Chyba jak Olliii nie jestem gotowa na rozłąkę
Ja się cieszę, że mały noszenia nie lubi, bo bym chyba sama na rehabilitację musiała chodzić. Wystarczy mi jak go wtargam na 4 piętro po spacerze.
-
Eh to moja uwielbia być na rękach i się przytulać. Powiem Wam dziewczyny że Was podziwiam, ja bym nie umiała dać dziecka do swojego pokoju 😁 W sumie warunków nie mam żeby miała swój pokój ale mimo wszystko wydaje mi się że jest za mała. chyba się za bardzo przywiązałam, przez te zęby wróciła do nas, ale niedługo planuje eksmisję do łóżeczka.
-
Moj będzie spał ze mną chyba do osiemnastki. Szybko go nie oddam tulisia mojego. Ale wygodnie wyspać tez bym się w końcu chciała.
U nas uzależnienie od smoczka. Chyba szybko nie odstawimy. Ale nam bardzo pomaga. Na spacerach jak się zaczyna afera no i w nocy jak się budzi. Moj miał chyba 20 smoczków. Wszystkie akceptował. Ale jak mu wyszły jakieś krostki wokół ust to został tylko bibs i teraz innego nie weźmie.

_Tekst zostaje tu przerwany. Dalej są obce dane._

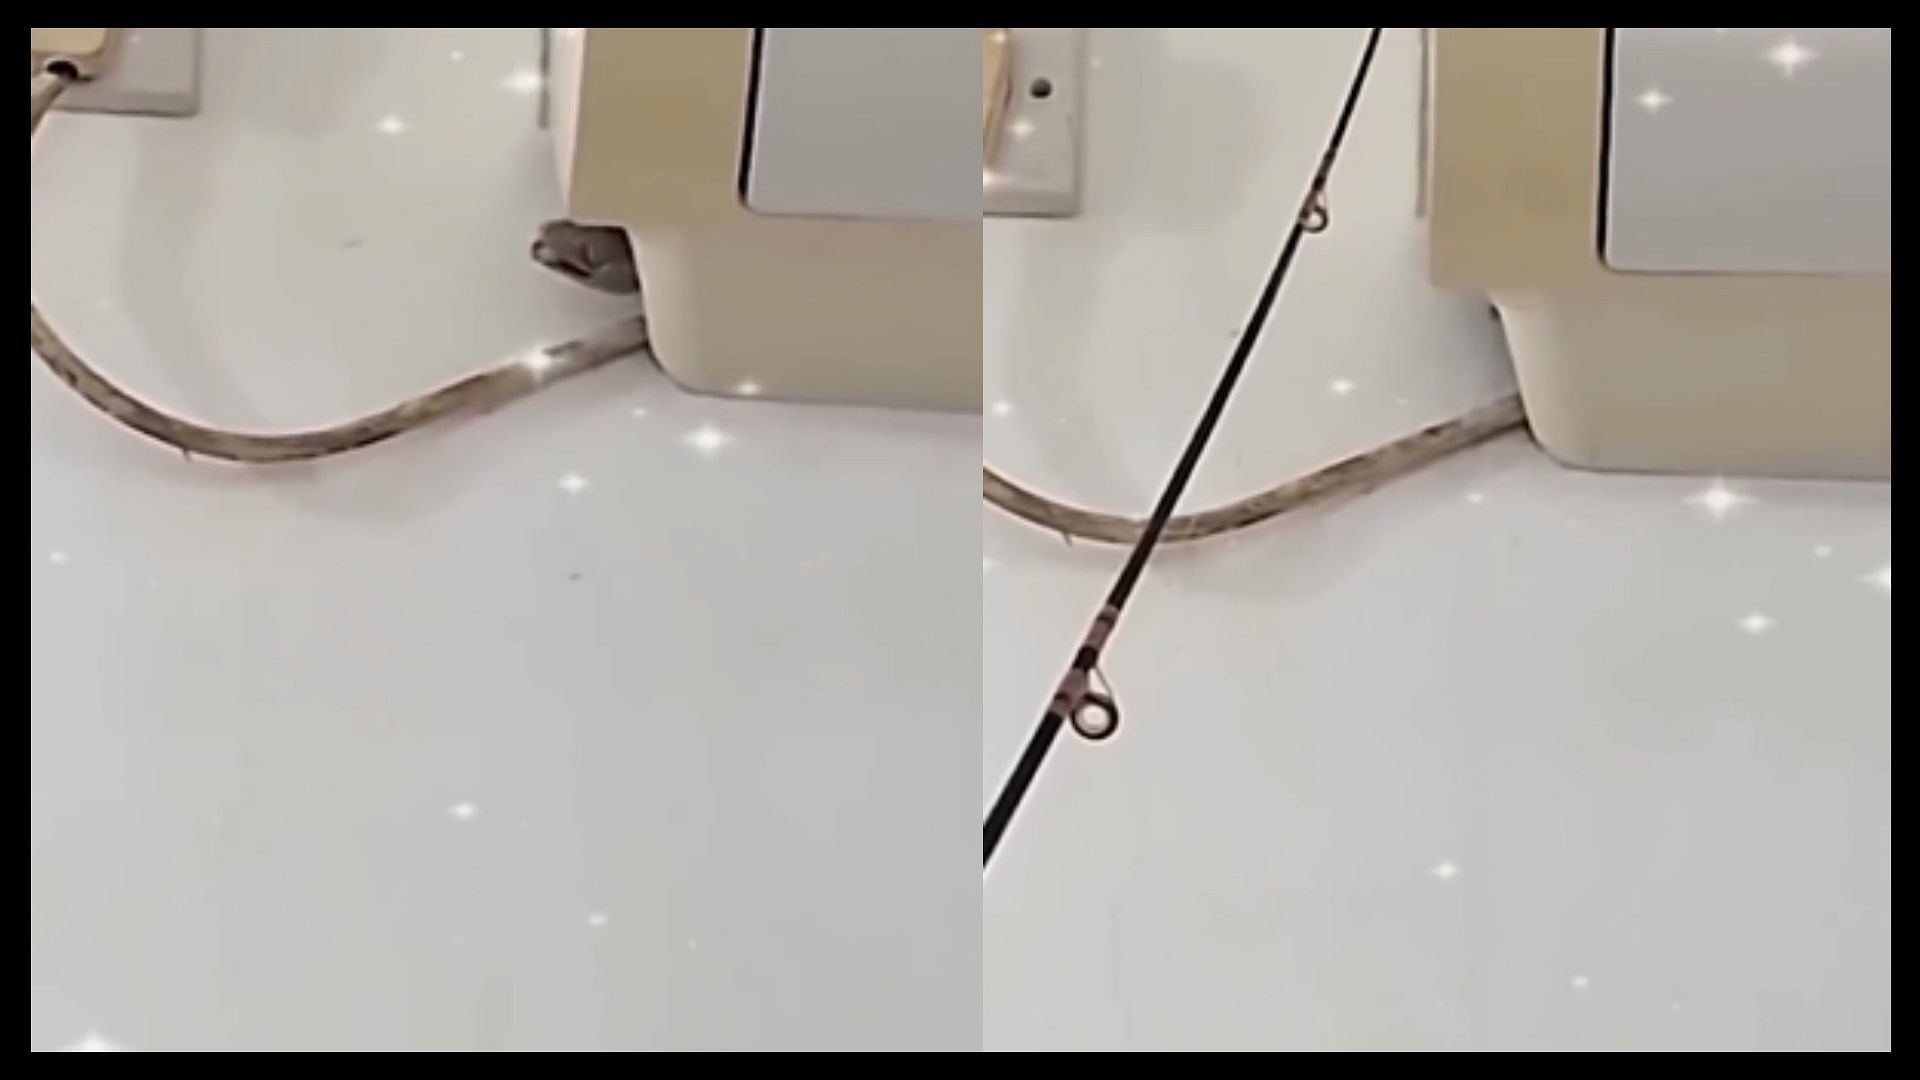 Man caught lizard with fishing line unique trick to catch lizard

Ja mam z jedzeniem problem. Bo kaszki i mm modyfikowanego nie weźmie. Powoli chce pierś odstawiać. I noe wiem czym go karmić. Zje zupkę, owoce i kanapkę i tyle. Nie mam już pomysłu co mu dać. -
Co do psychologa to też mi się wydaję to trochę nad wyraz.
Jeśli chodzi o rehabilitacje to ja byłam z Julia raz u fizjo, bo się nie przekręcała, a miała 7 miesięcy. Teraz już fika, siada i raczkuję, nawet zaczyna robić próby do stania 😉
Dokładnie każde dziecko rozwija się we własnym tempie, także spokojnie.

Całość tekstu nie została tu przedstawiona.